Realizar um estudo científico requer tempo e esforço: é preciso aprofundar conhecimentos, realizar trabalhos de laboratório, preparar um relatório preciso e submetê-lo a revistas científicas que poderão solicitar novas revisões e experimentos. No entanto, a julgar pelas pesquisas publicadas, muitos cientistas conseguem realizar um estudo em intervalos de poucos dias, incluindo feriados e fins de semana. O estatístico americano John Ioannidis, da Universidade de Stanford (EUA), há muito se dedica a entender quem e como tem sucesso nessa empreitada. Para isso, revisou dezenas de milhões de artigos científicos publicados nos últimos 20 anos e, no final de novembro, ele e os colegas Thomas Collins e Jeroen Bas publicaram os resultados da investigação no site BiorXiv. Ioannidis e seus colegas excluíram da análise o campo da física, porque grandes experimentos científicos nos quais colaboram milhares de pesquisadores fazem história por direito próprio em termos de publicações. Quanto às restantes especializações, os três investigadores identificaram mais de três mil cientistas que foram definidos como “altamente produtivos”, ou seja, capazes de assinar um estudo científico a cada seis dias, em média.
Este fenómeno é preocupante porque a realização de investigação em tão pouco tempo é fisicamente impossível num laboratório normal com no máximo algumas dezenas de investigadores. Somente aqueles que trapaceiam podem ter sucesso. Ou seja, aqueles que inventam dados, copiam pesquisas de outras pessoas ou aprovam estudos para os quais não contribuíram. Essas abreviaturas são frequentemente usadas para esclarecer um currículo e obter prestígio acadêmico, cátedras e financiamento porque o número de publicações é erroneamente considerado uma medida da habilidade de um pesquisador. Assim, a análise de cientistas superprodutivos leva a uma estimativa indireta da escala da fraude científica, um fenómeno claramente crescente: entre 2016 e 2022, revela Ioannidis, o número de supercientistas com mais de setenta publicações por ano triplicou.
É alarmante constatar que a Itália está entre os melhores lugares do mundo: o número de cientistas prolíficos aumentou sete vezes nos últimos seis anos. Apenas a Tailândia, a Arábia Saudita, a Espanha e a Índia tiveram um desempenho melhor (ou seja, pior) do que o nosso.

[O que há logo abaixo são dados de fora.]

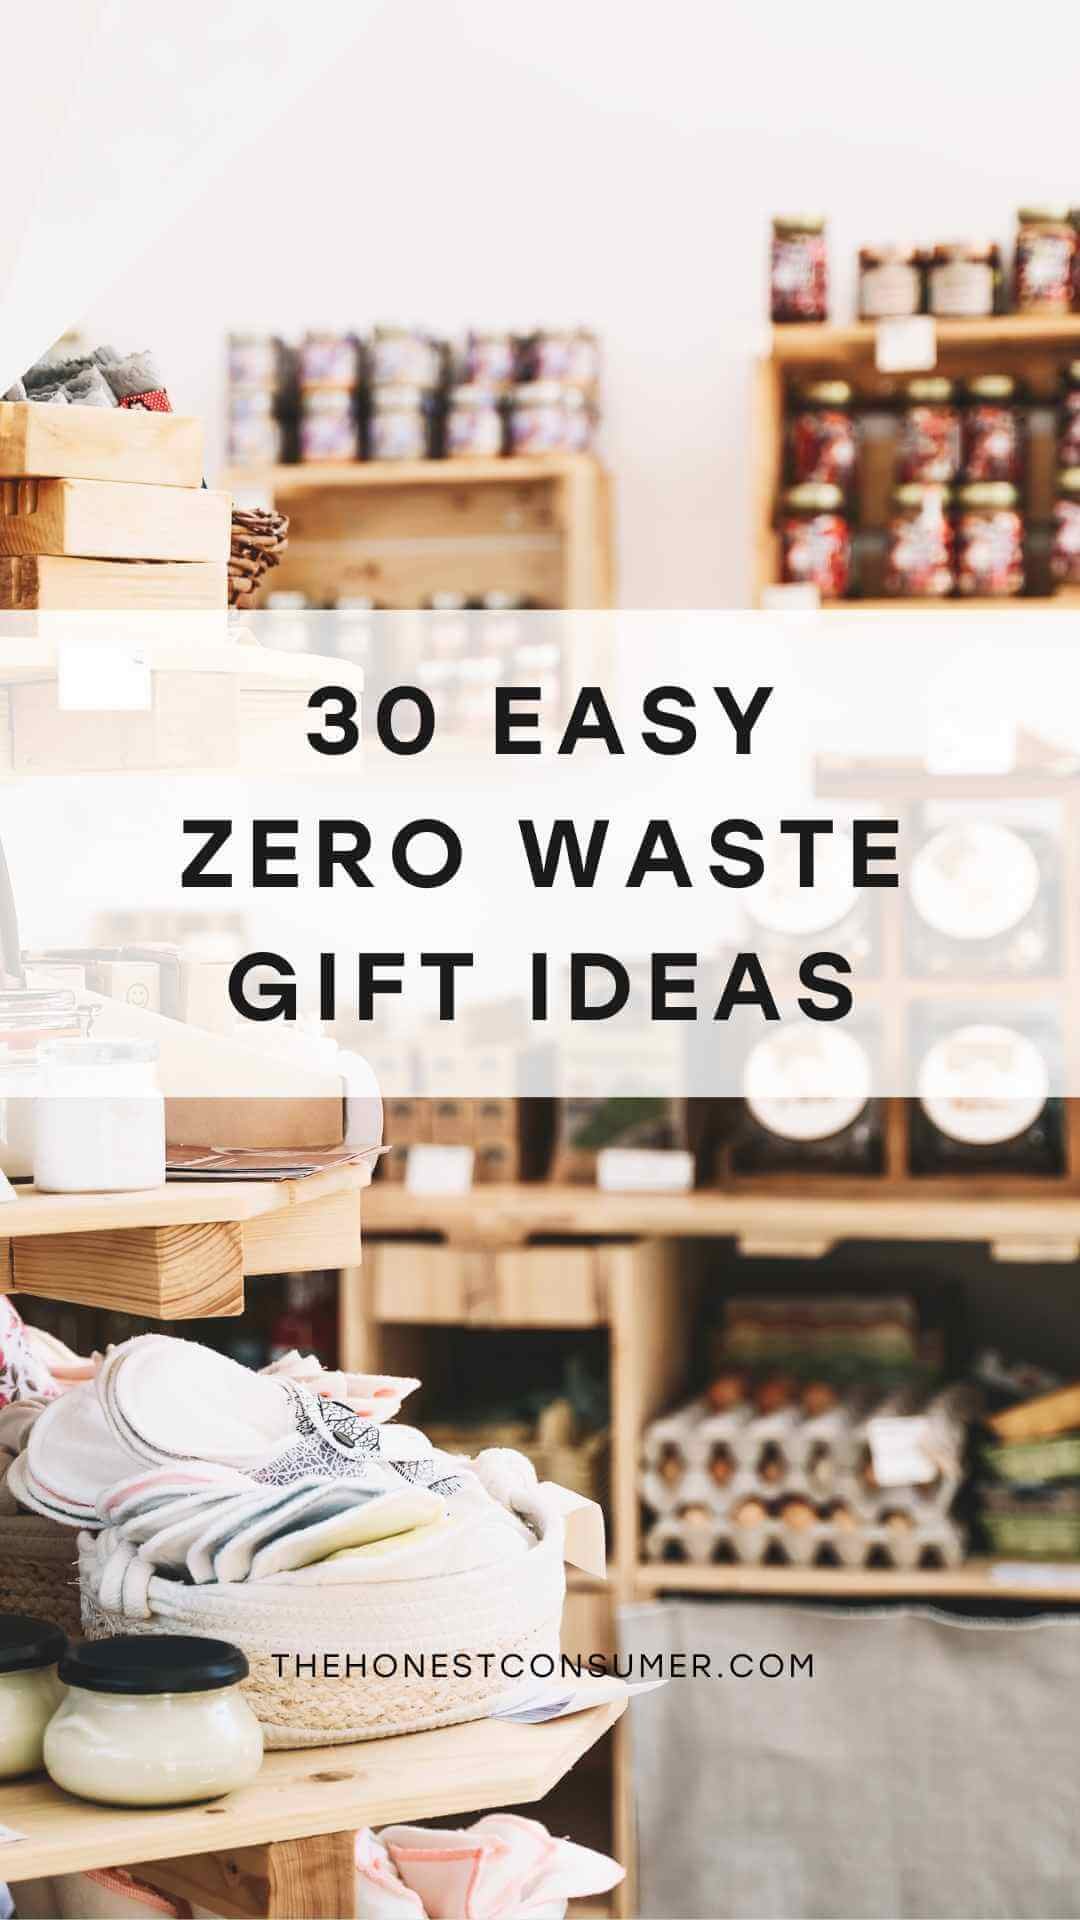 Small Business Gift Ideas (30+ Ideas to Shop Small This Christmas!)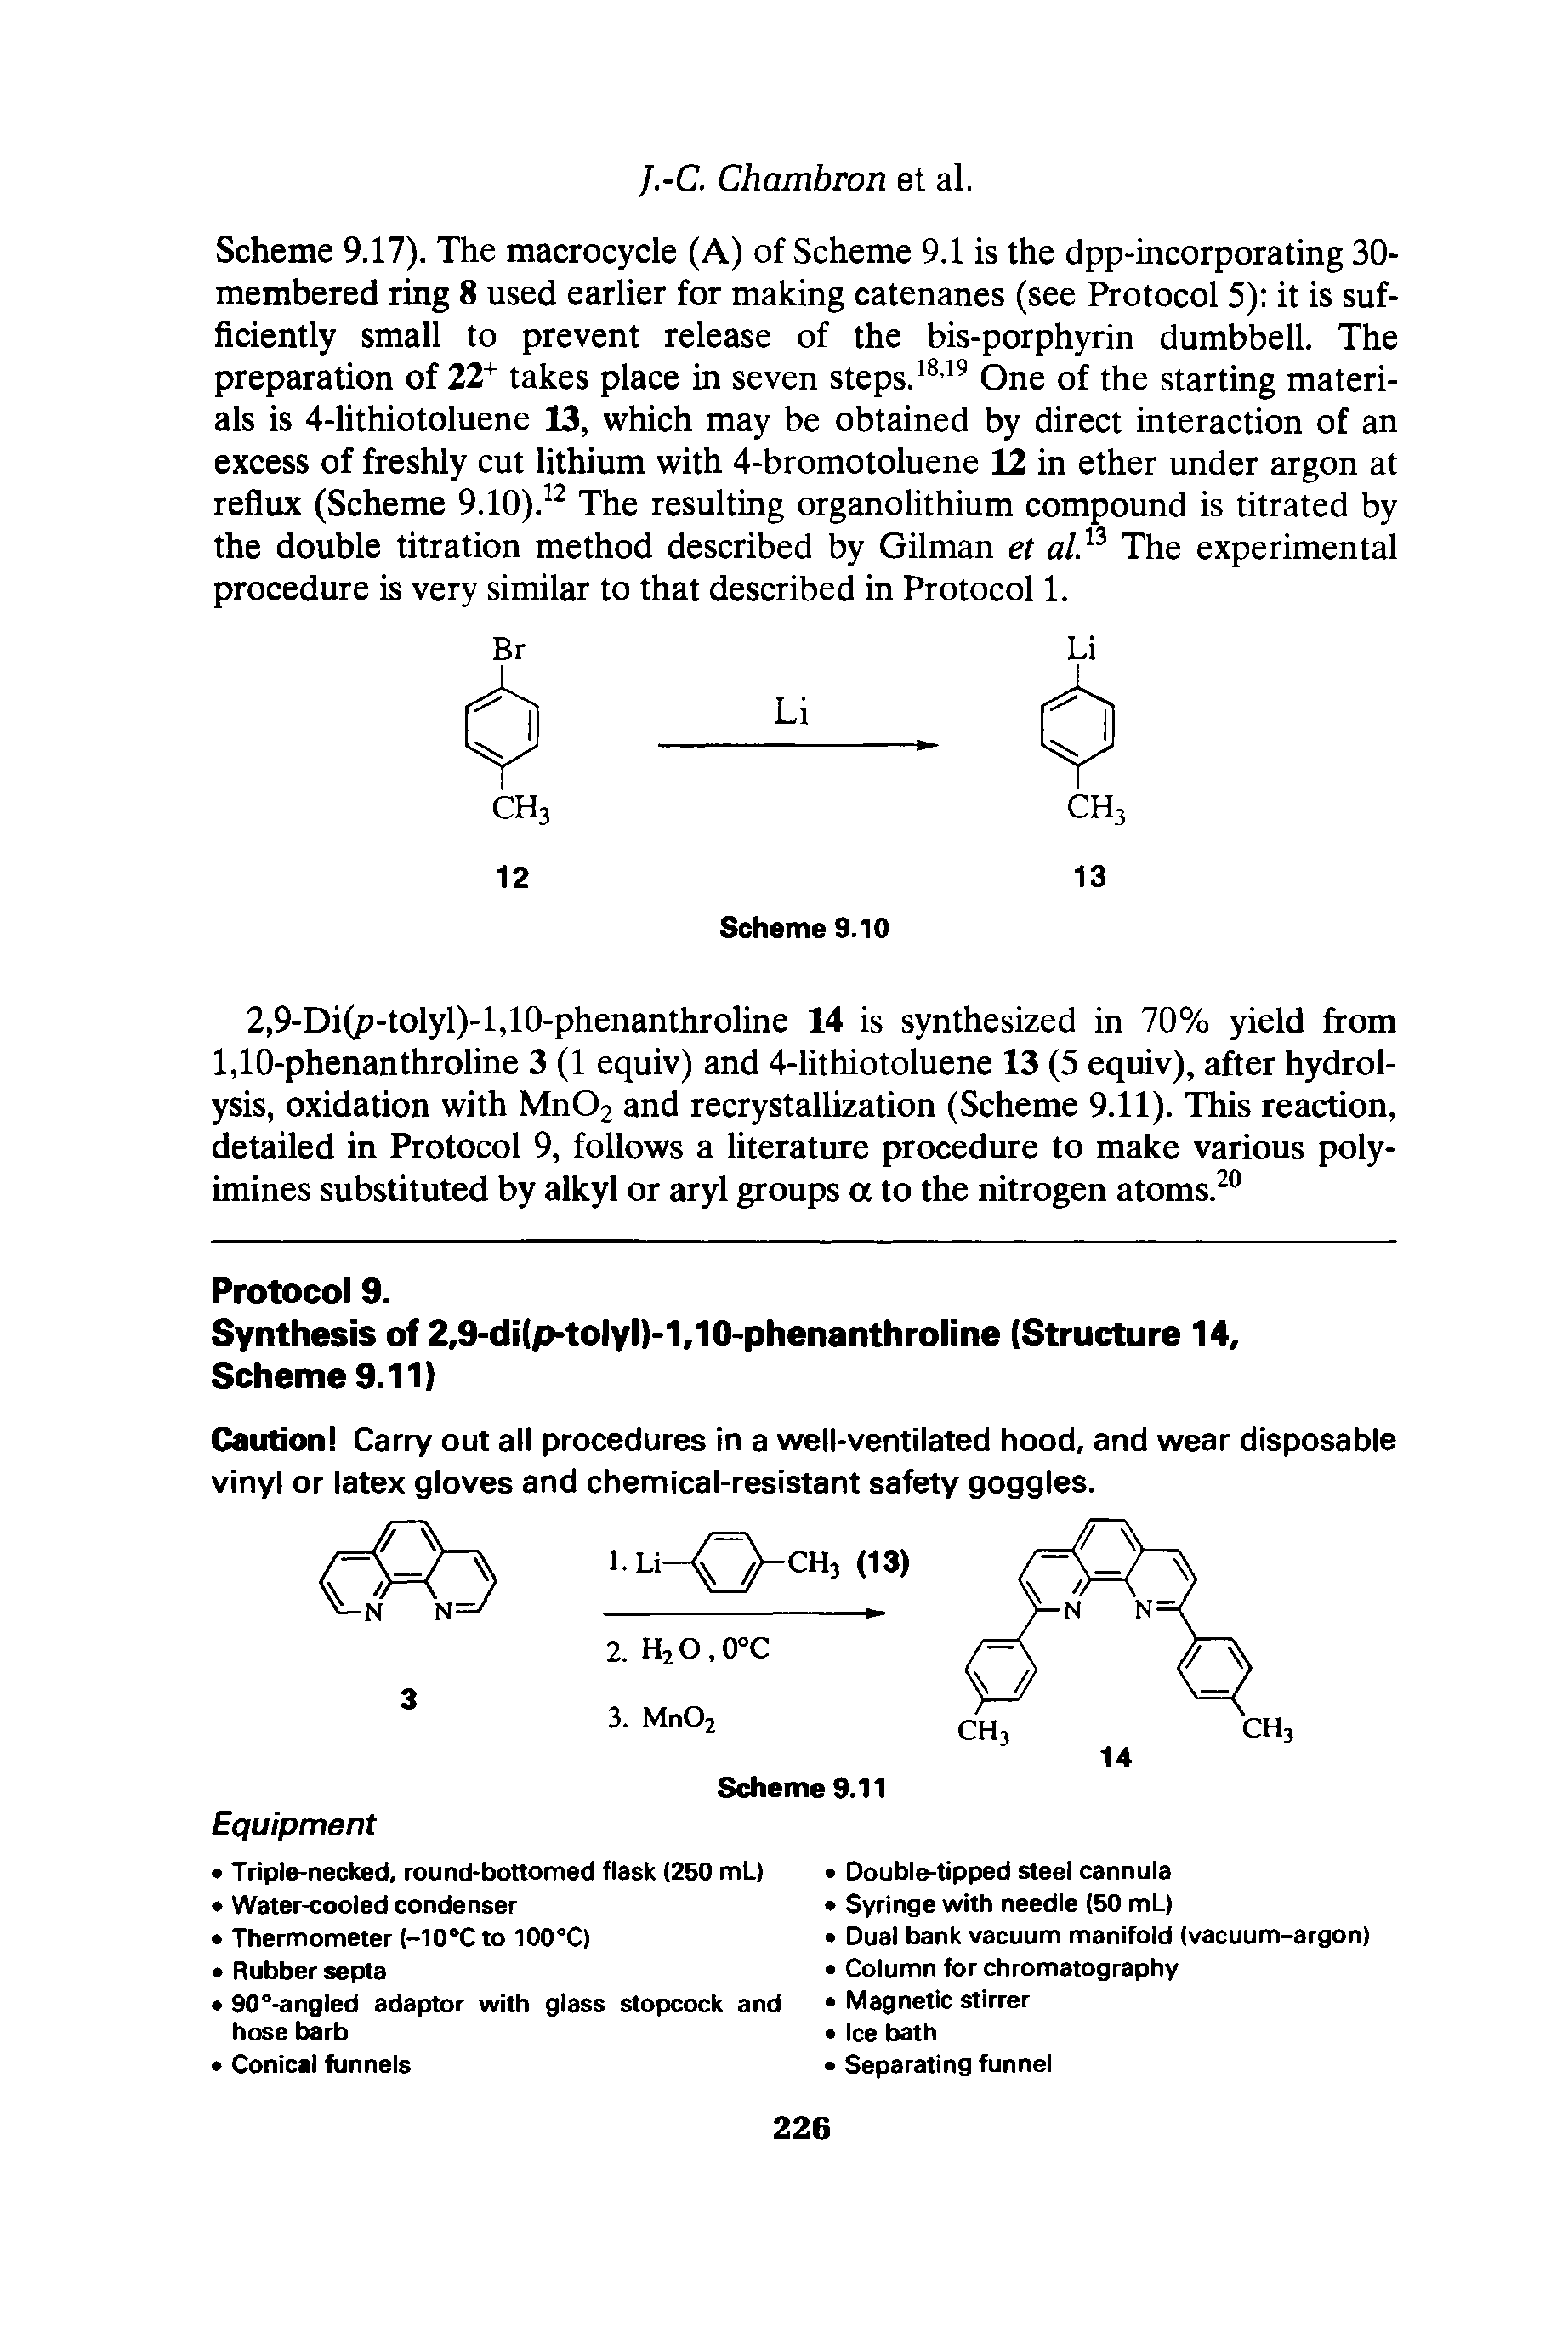 Scheme 9.17). The macrocycle (A) of Scheme 9.1 is the dpp-incorporating 30-membered ring 8 used earlier for making catenanes (see Protocol 5) it is sufficiently small to prevent release of the bis-porphyrin dumbbell. The preparation of 22+ takes place in seven steps.1819 One of the starting materials is 4-lithiotoluene 13, which may be obtained by direct interaction of an excess of freshly cut lithium with 4-bromotoluene 12 in ether under argon at reflux (Scheme 9.10).12 The resulting organolithium compound is titrated by the double titration method described by Gilman et alP The experimental procedure is very similar to that described in Protocol 1.

Não é um bom sinal, mas também não é uma surpresa absoluta, porque os pesquisadores de alta produtividade aqui são nomes famosos e conhecidos. Pense no ministro da Saúde e radiologista Orazio Schillaci: embora em 2023 tenha liderado um ministério tão importante num período delicado, nas horas vagas conseguiu publicar mais de trinta estudos científicos (cerca de um a cada dez dias) com produtividade nunca alcançada. Mesmo quando se dedicava à pesquisa em tempo integral. Outro médico-chefe, Salvatore Cozzocrea, se saiu ainda melhor. Em 2023, ano em que assumiu a presidência dos reitores das universidades italianas, chegou a assinar um estudo científico por semana. Para confirmar as suspeitas de Ioannidis, as investigações deste jornal destacaram que é legítimo que existam muitas dúvidas sobre a validade dos estudos assinados por Schillaci e Cozzrea.
No entanto, os casos italianos provam que se um CV inflacionado é útil para fazer carreira, a relação pode ser invertida, e a actividade científica excessiva é por vezes uma consequência, e não a causa, do alcance de posições de topo. Do ponto de vista científico, é um fenômeno mais prejudicial. Aqueles que recorrem a meios ilegais para subir na hierarquia do poder podem encontrar rivais dispostos a provar que estão errados. Mas se aqueles que já chegaram ao topo estão trapaceando, será difícil encontrar alguém disposto a vencê-los arriscando-se. Assim, a má ciência cria raízes profundas.